I went to Bard for undergrad.  As I understand it the MFA programs are actually in session during the summertime, right?  The undergrad film faculty is pretty cool, I was in the music department but there was some overlap.  A lot of professors commute from New York.  And, since it's a summer thing they might even get profs from other schools?  It's a gorgeous place to be in the summertime too.  If you're into keeping up a separate lifestyle during the year, it might be a great program for you


----------



## birdman78 (Feb 24, 2008)

hey peaches, 

thanks for your response. I actually live in Brooklyn right now and like the idea of being able to live in the city and work to pay for my tuition during the year. Sounds like a reasonable concept. 
Do you have any knowledge if more narrative films are produced in the department, or is it mainly focused around gallery art/video art kind of settings?


----------



## Icarus Ascending (Feb 25, 2008)

Wow. This brings back memories.

Back when I was a young Icarus, I considered applying to Bard for undergrad. I toured the campus and spoke to an admissions person, asking about the drama program, the writing program--and the film program. The admissions lady told me that Bard's film students did "many very interesting things with color and sound." I asked if anyone made narrative films, at which point her face got hard and she muttered something about this "certainly not being the place for [me]" before virtually swatting me out the door. This, of course, was ONE admissions person several years ago--so take this with a grain of salt--but it was, indeed, the reason I never bothered to apply.


----------



## birdman78 (Feb 25, 2008)

thanks for your input Icarus,
I am not all that surprised by your story, although I very much enjoyed your humor in telling it.

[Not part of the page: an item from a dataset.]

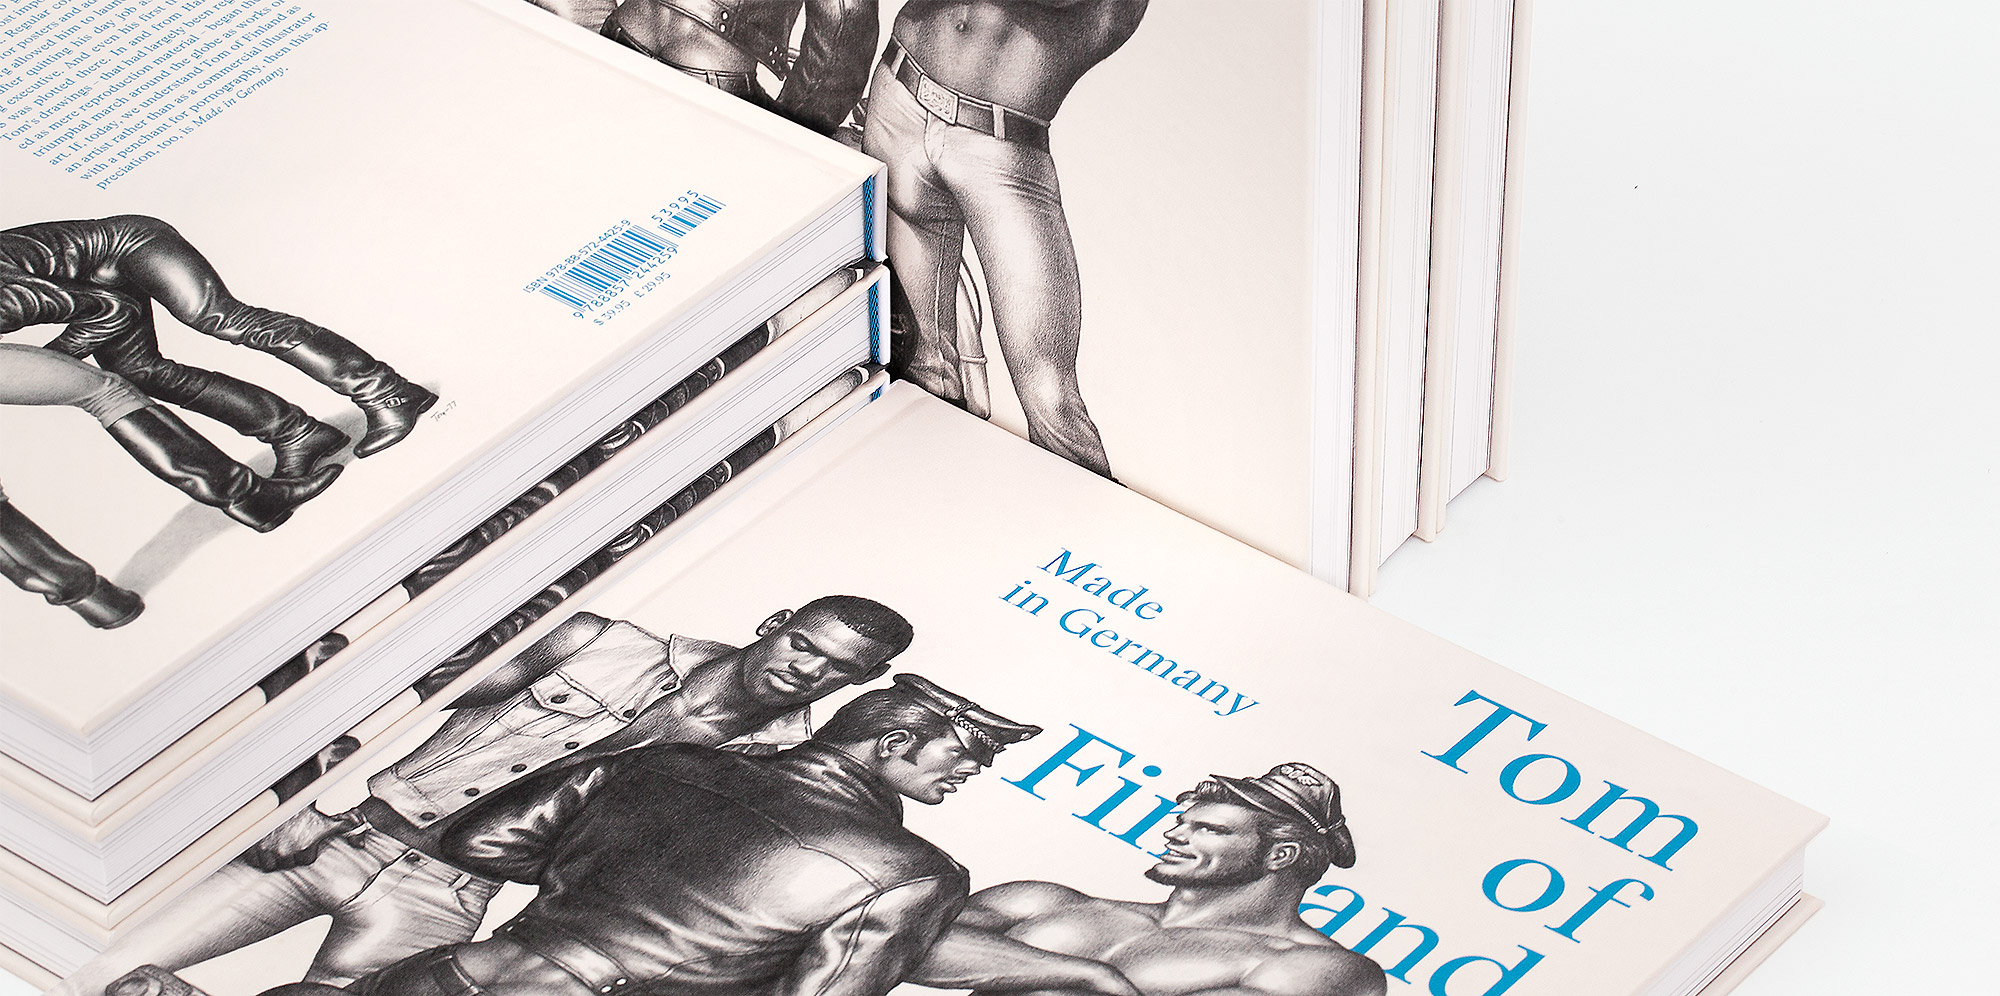 Tom of Finland Made in Germany bookdesign for Galerie Judin and Skira publisher by Jakob Straub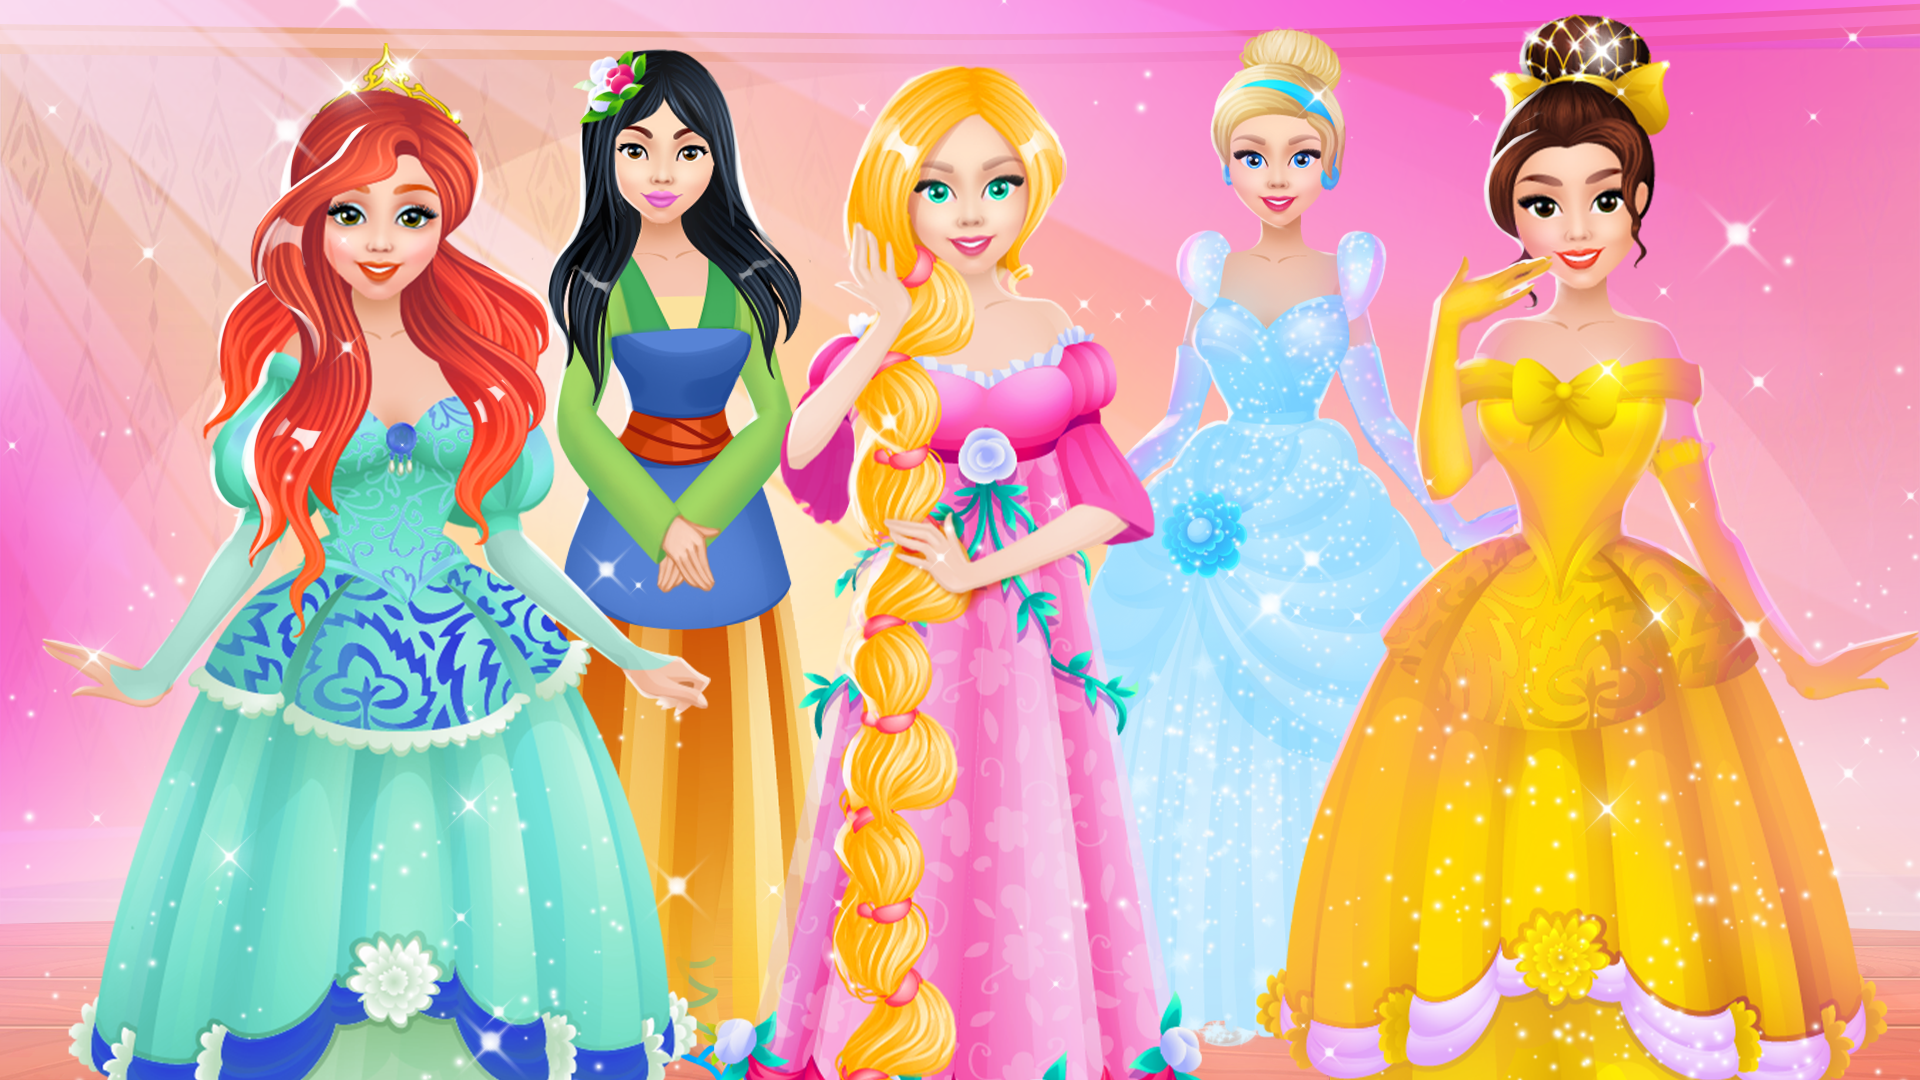 Top 10 Dress Up Games for Girls | Star fashion, Best dress up games, Games  for girls

I'll go check it out for myself and see if anything has changed, or if the grad program is different. 
where did you end up going?


----------



## peaches (Feb 25, 2008)

I wouldn't be surprised if the Bard film grad students produce a lot of arty, experimental stuff... but, I would just go up for the interview and try to meet with some of the teachers who you would be studying with.  It might be cool to be one of the few students doing narrative work


----------